==== RAW DATA
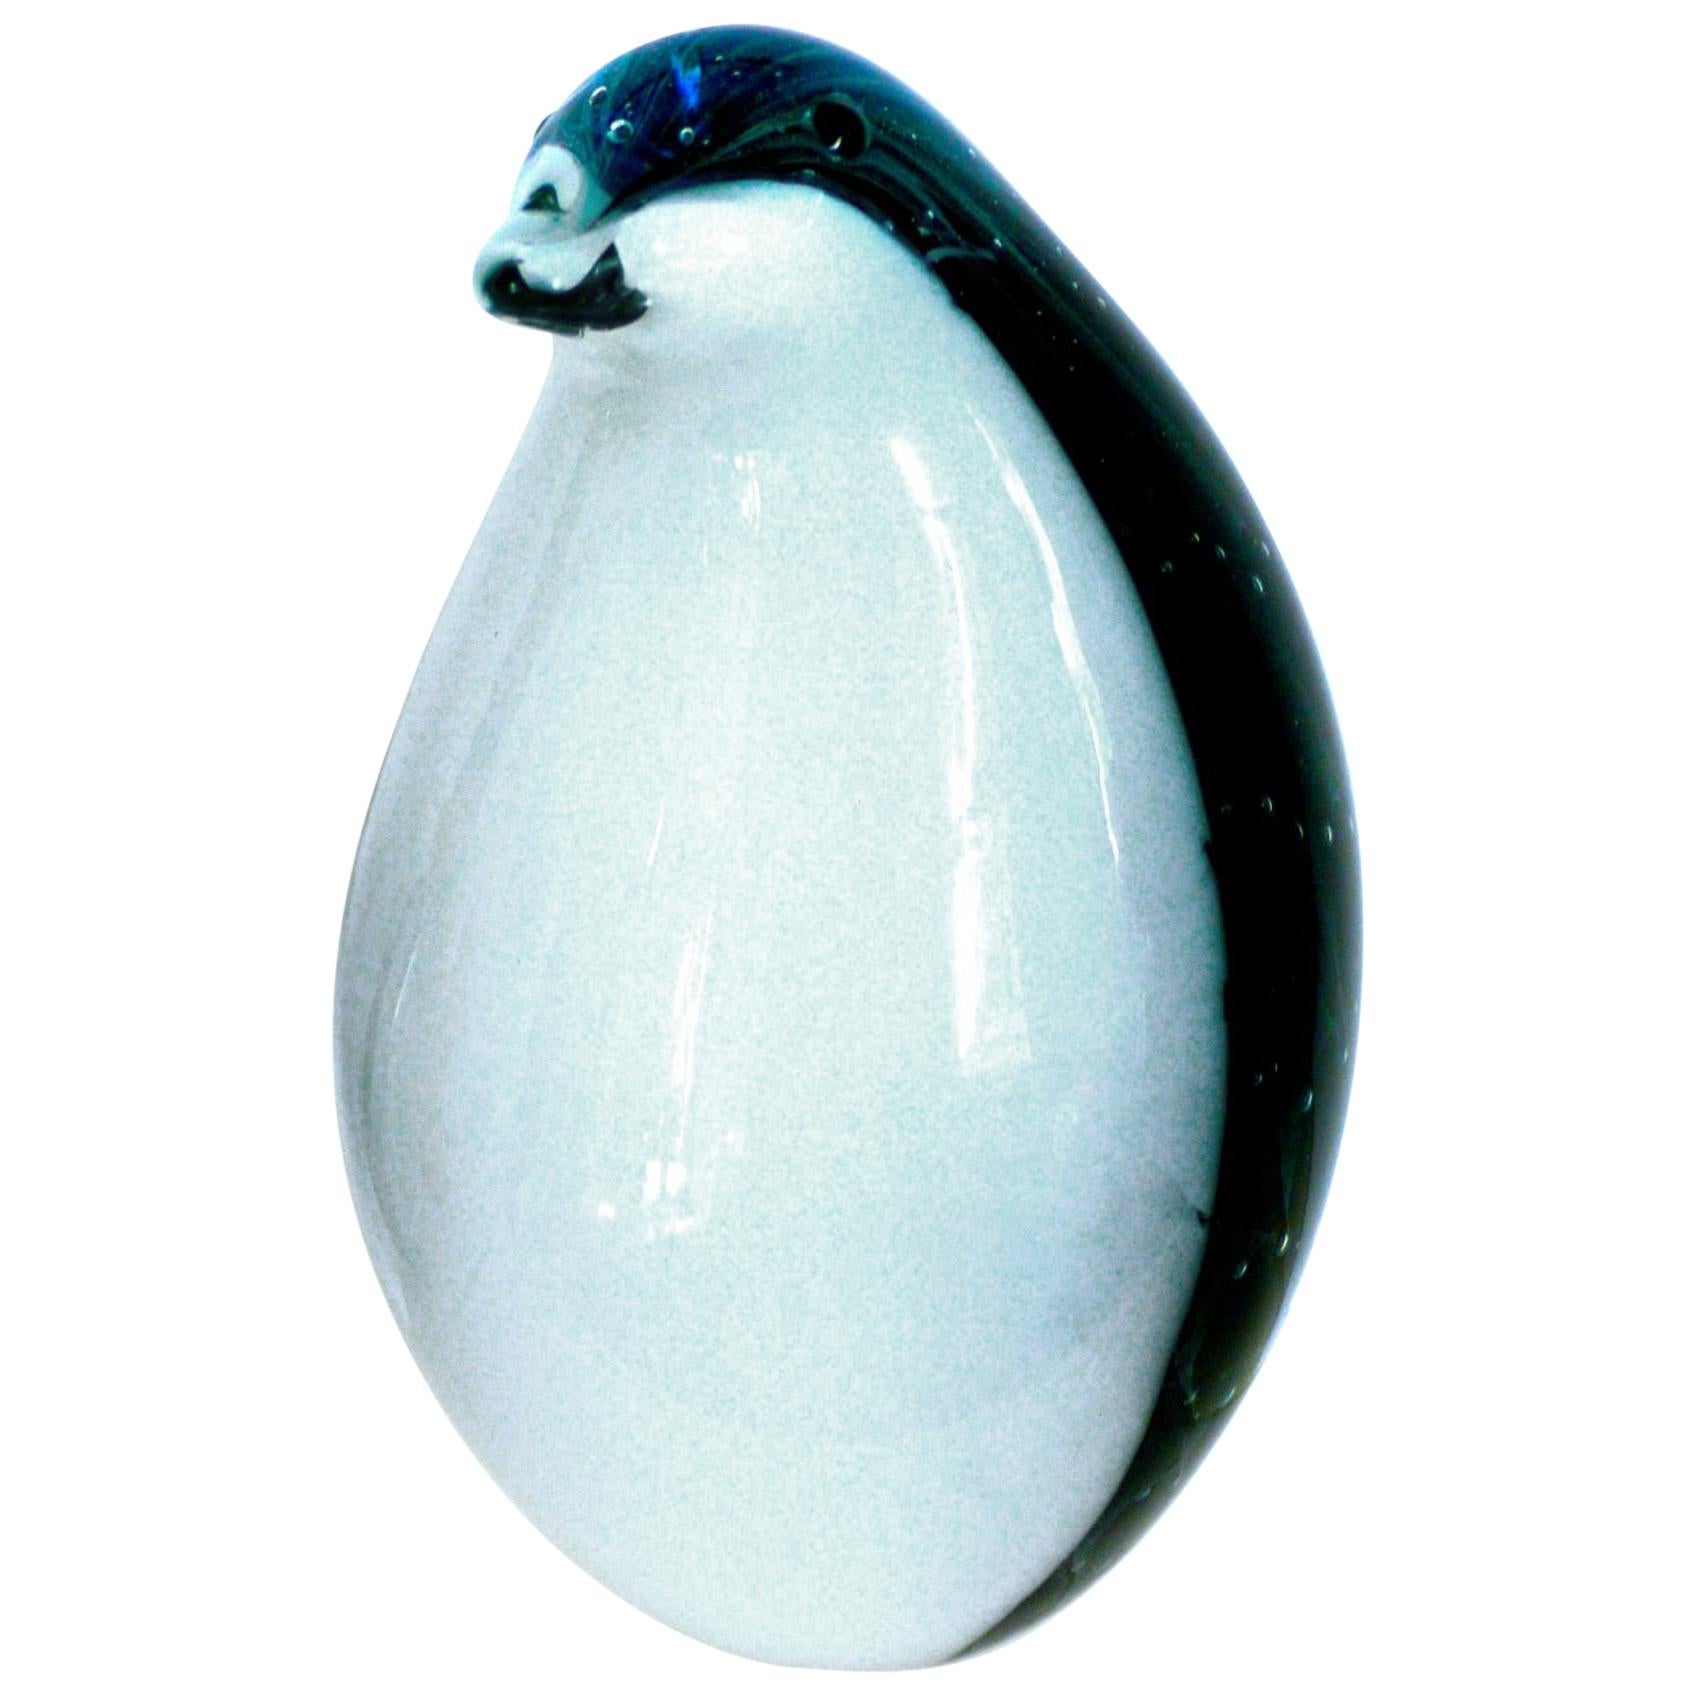 Murano Modernist Penguin Figurine Archimede Seguso Art Vitra 1969 Sommerso For Sale
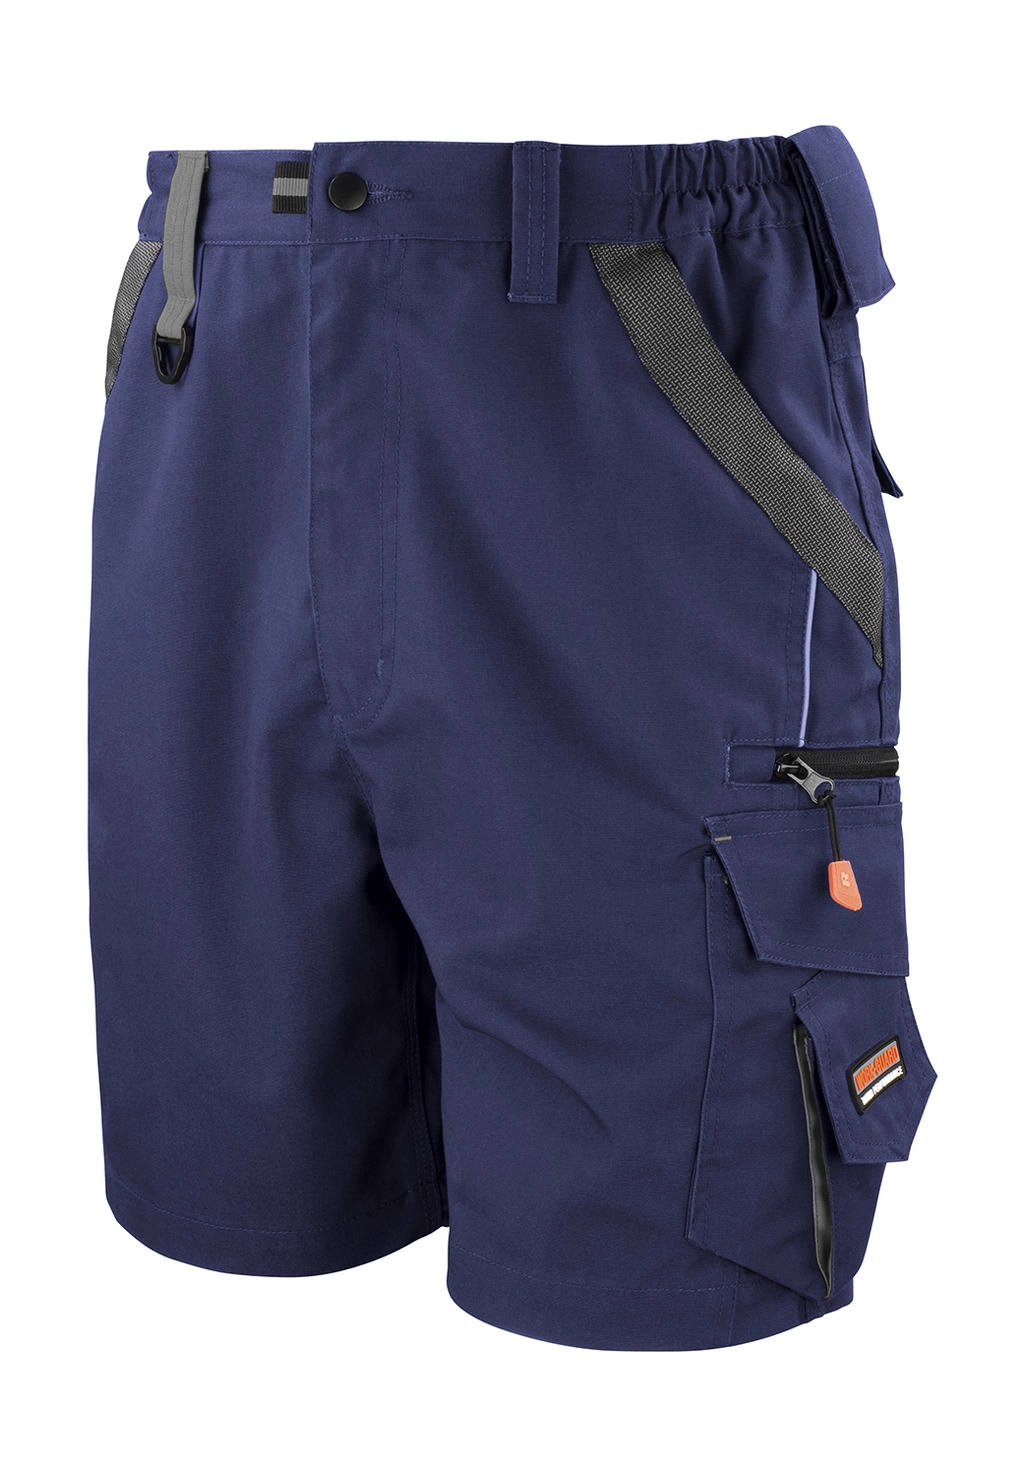 Work-Guard Technical Shorts zum Besticken und Bedrucken in der Farbe Navy/Black mit Ihren Logo, Schriftzug oder Motiv.
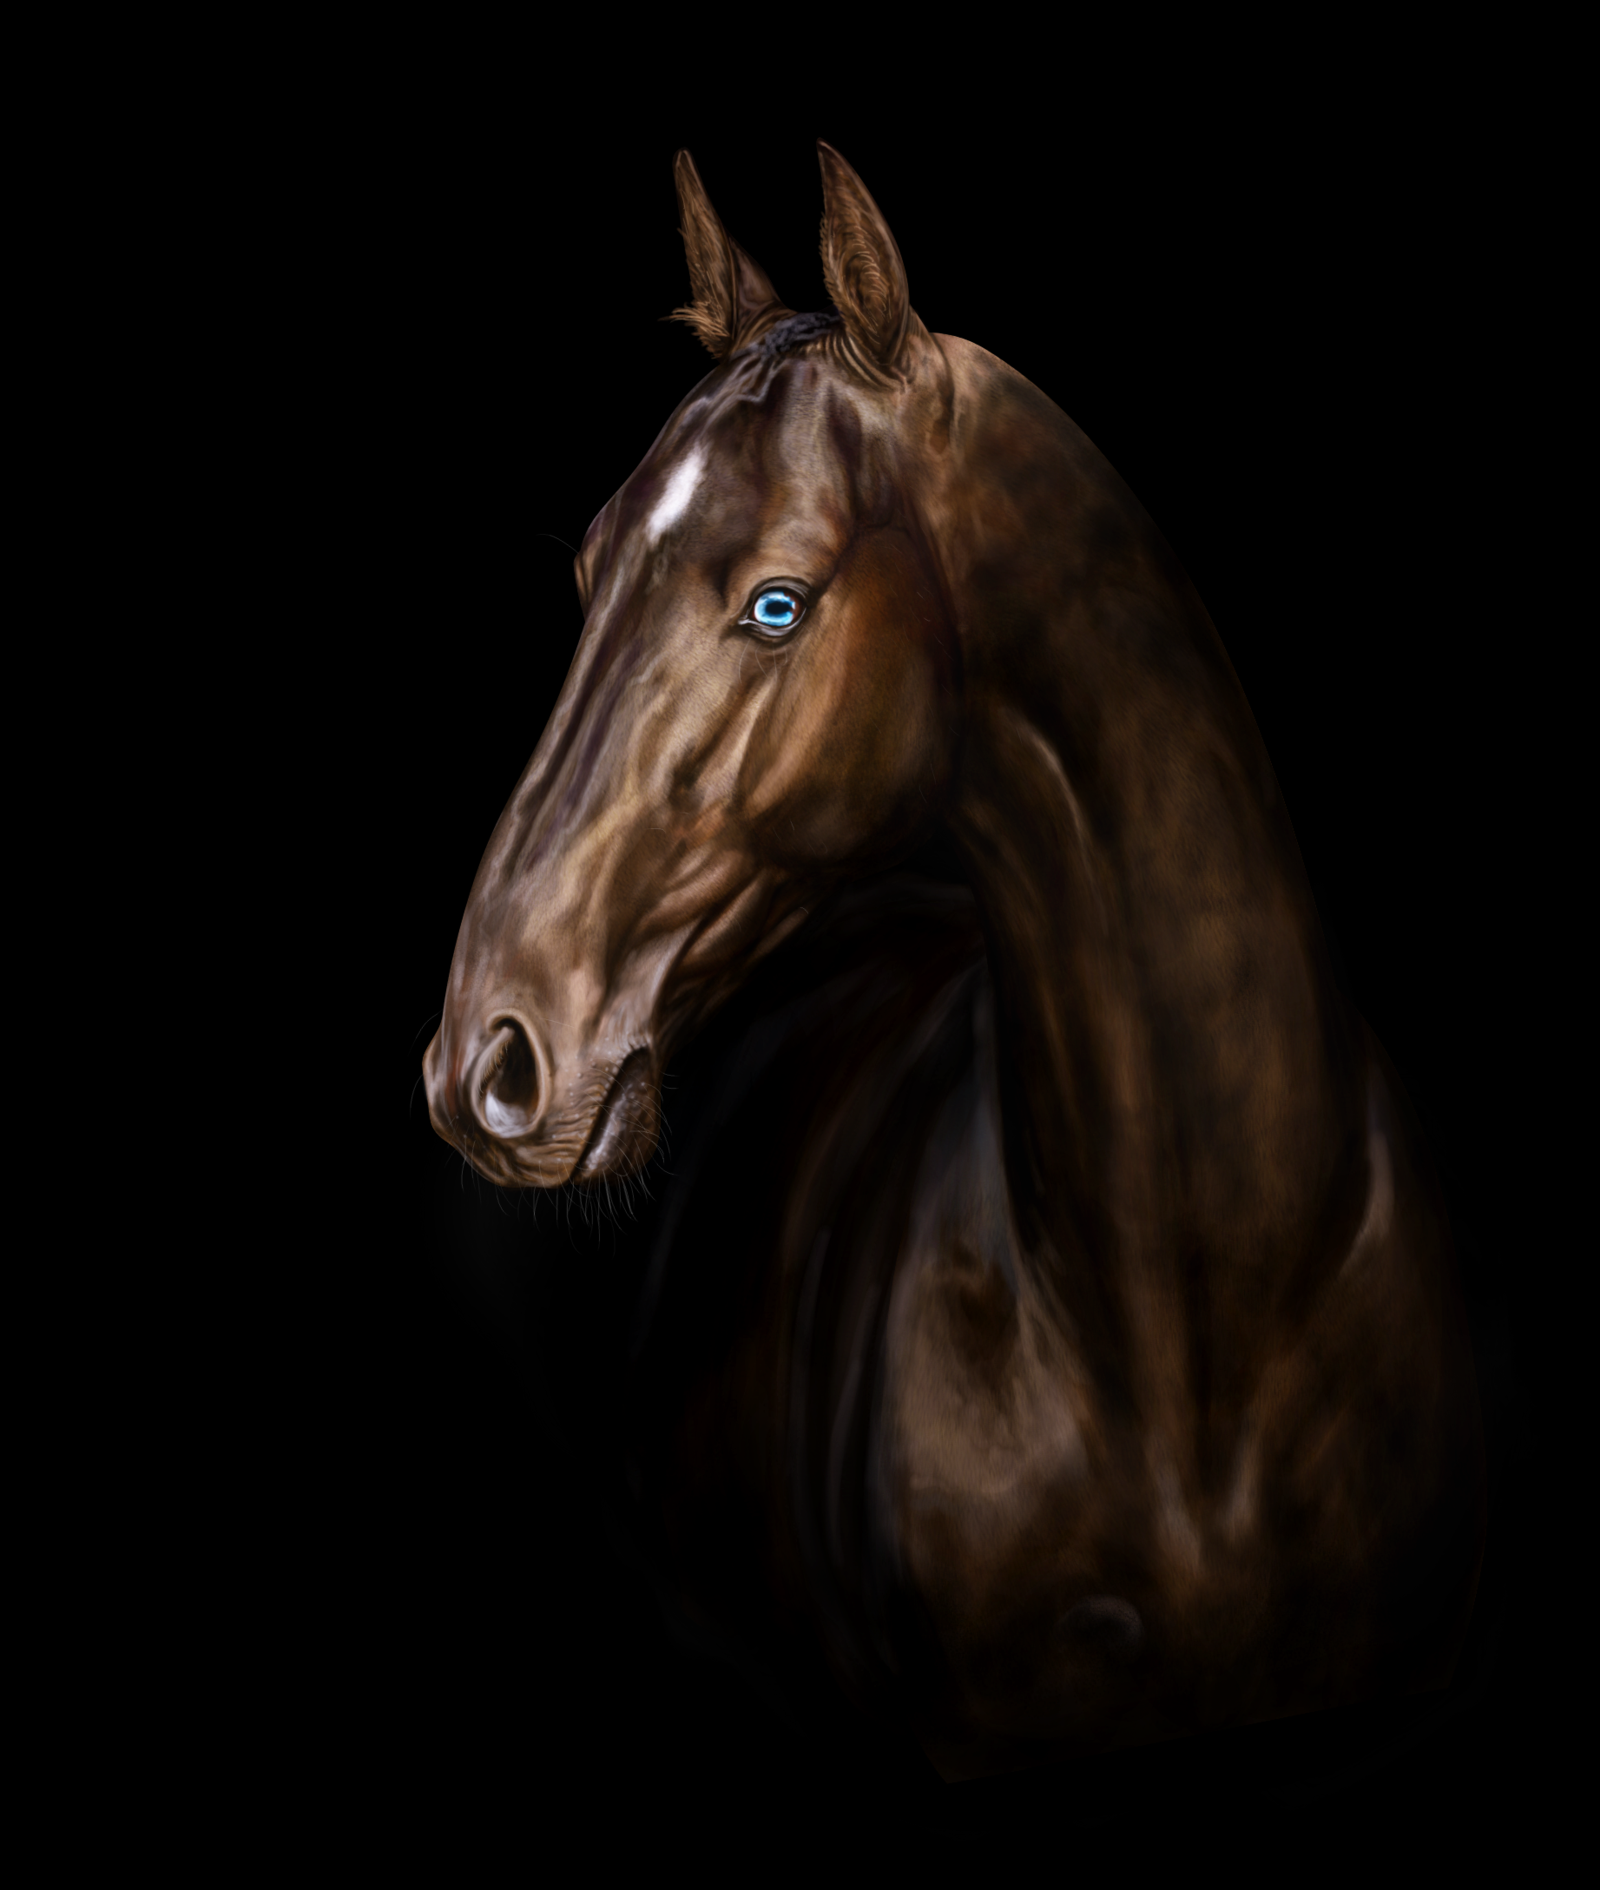 Лошадь на черном фоне. Тохтамыш ахалтекинец. Пегий ахалтекинец. Вороной ахалтекинец с голубыми глазами. Ахалтекинская лошадь анфас.
========
# EXERCISE AIM
Output the data above exactly, beginning at its first line and ending with the line that holds "Work-Guard Technical Shorts". Leave out the pictures and add nothing.

# TASK RESPONSE
 Murano Modernist Penguin Figurine Archimede Seguso Art Vitra 1969 Sommerso For Sale
 Work-Guard Technical Shorts zum Besticken und Bedrucken in der Farbe Navy/Black mit Ihren Logo, Schriftzug oder Motiv.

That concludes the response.